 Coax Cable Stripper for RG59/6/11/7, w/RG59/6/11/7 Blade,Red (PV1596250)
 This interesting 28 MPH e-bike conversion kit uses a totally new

--

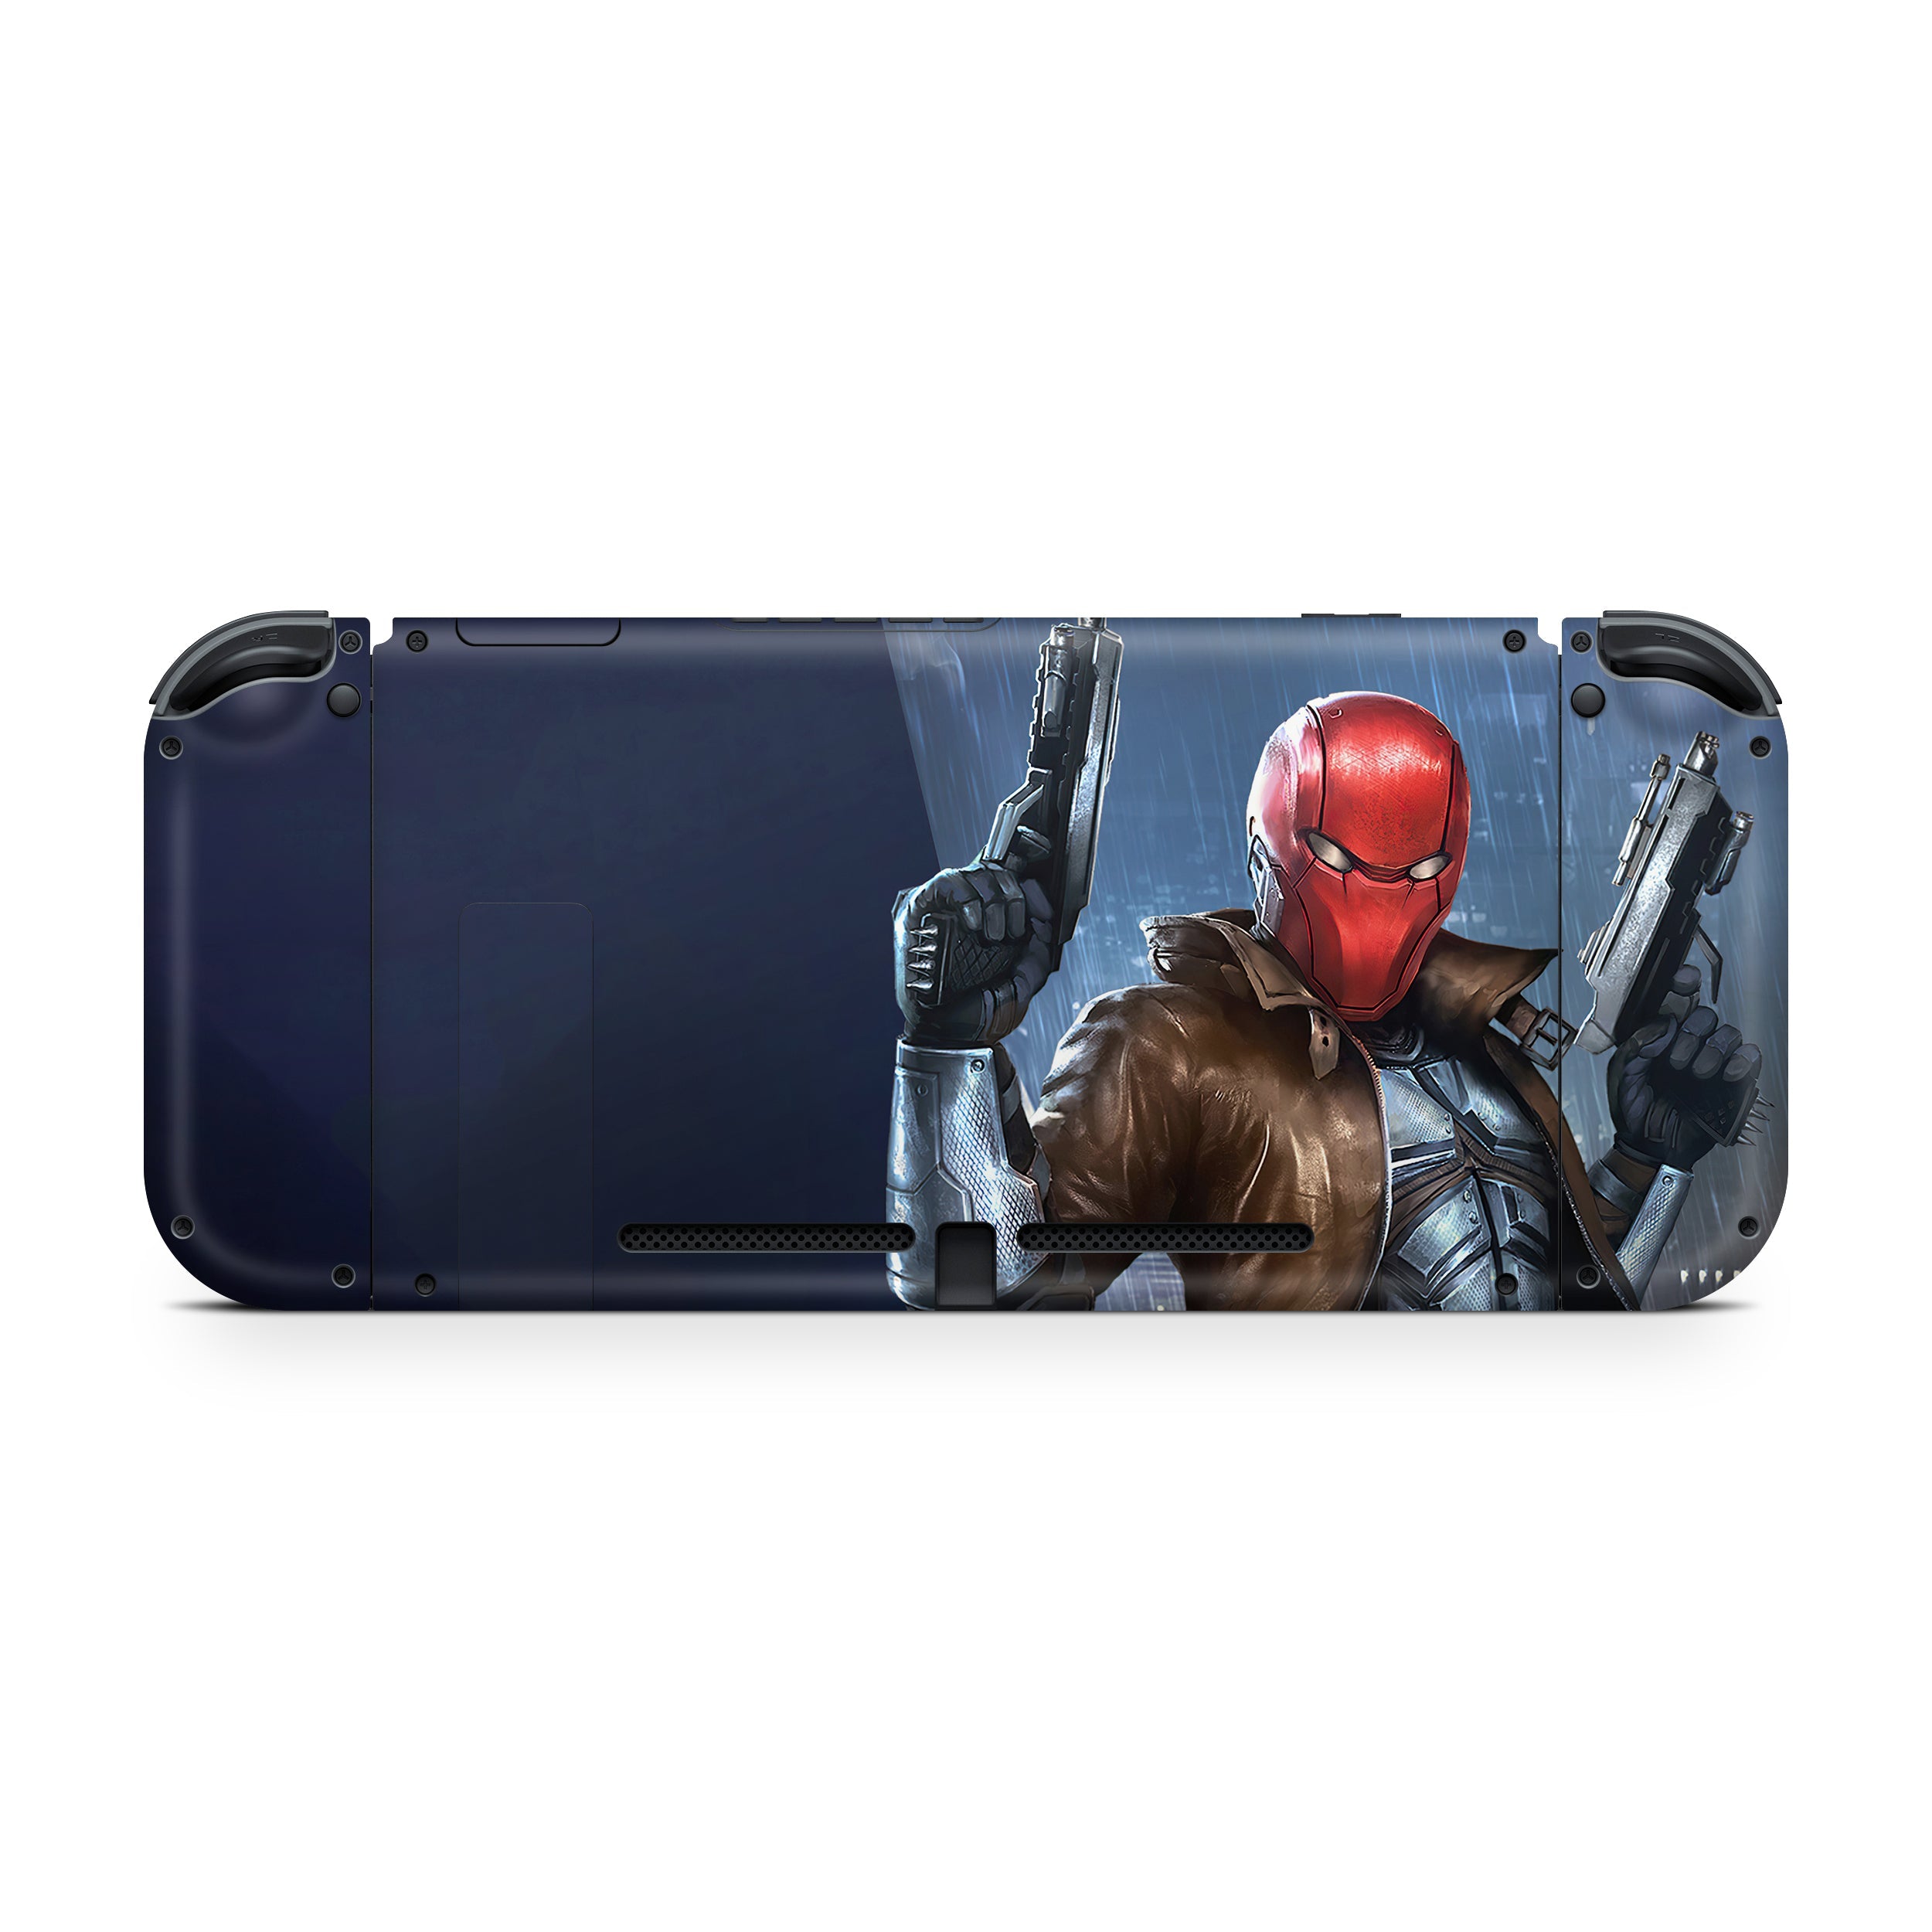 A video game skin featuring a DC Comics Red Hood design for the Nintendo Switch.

==

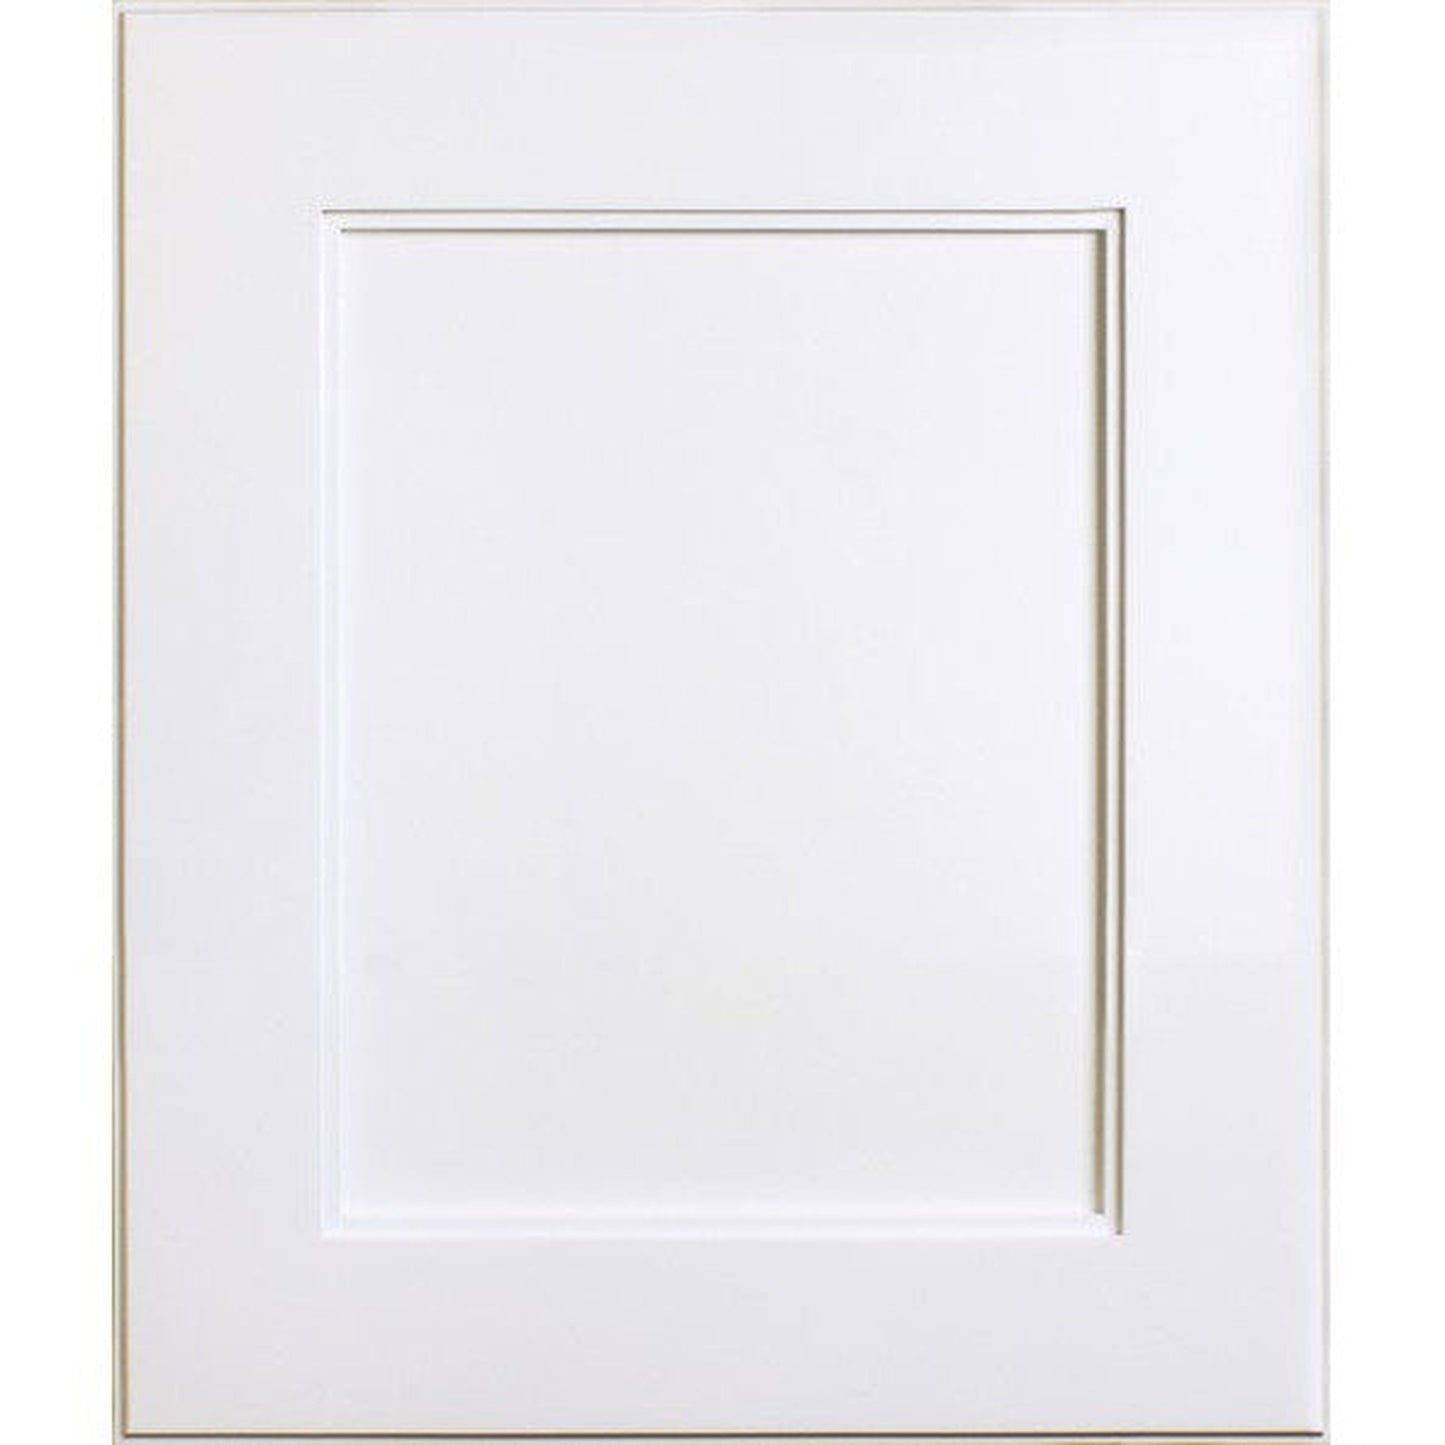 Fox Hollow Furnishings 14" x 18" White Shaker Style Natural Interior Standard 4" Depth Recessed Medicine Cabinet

• **Task brief**
Reproduce word for word the material above, starting with the line that has "Coax Cable Stripper" and stopping after the line that has "This interesting 28".

• **Output**
 Coax Cable Stripper for RG59/6/11/7, w/RG59/6/11/7 Blade,Red (PV1596250)
 This interesting 28 MPH e-bike conversion kit uses a totally new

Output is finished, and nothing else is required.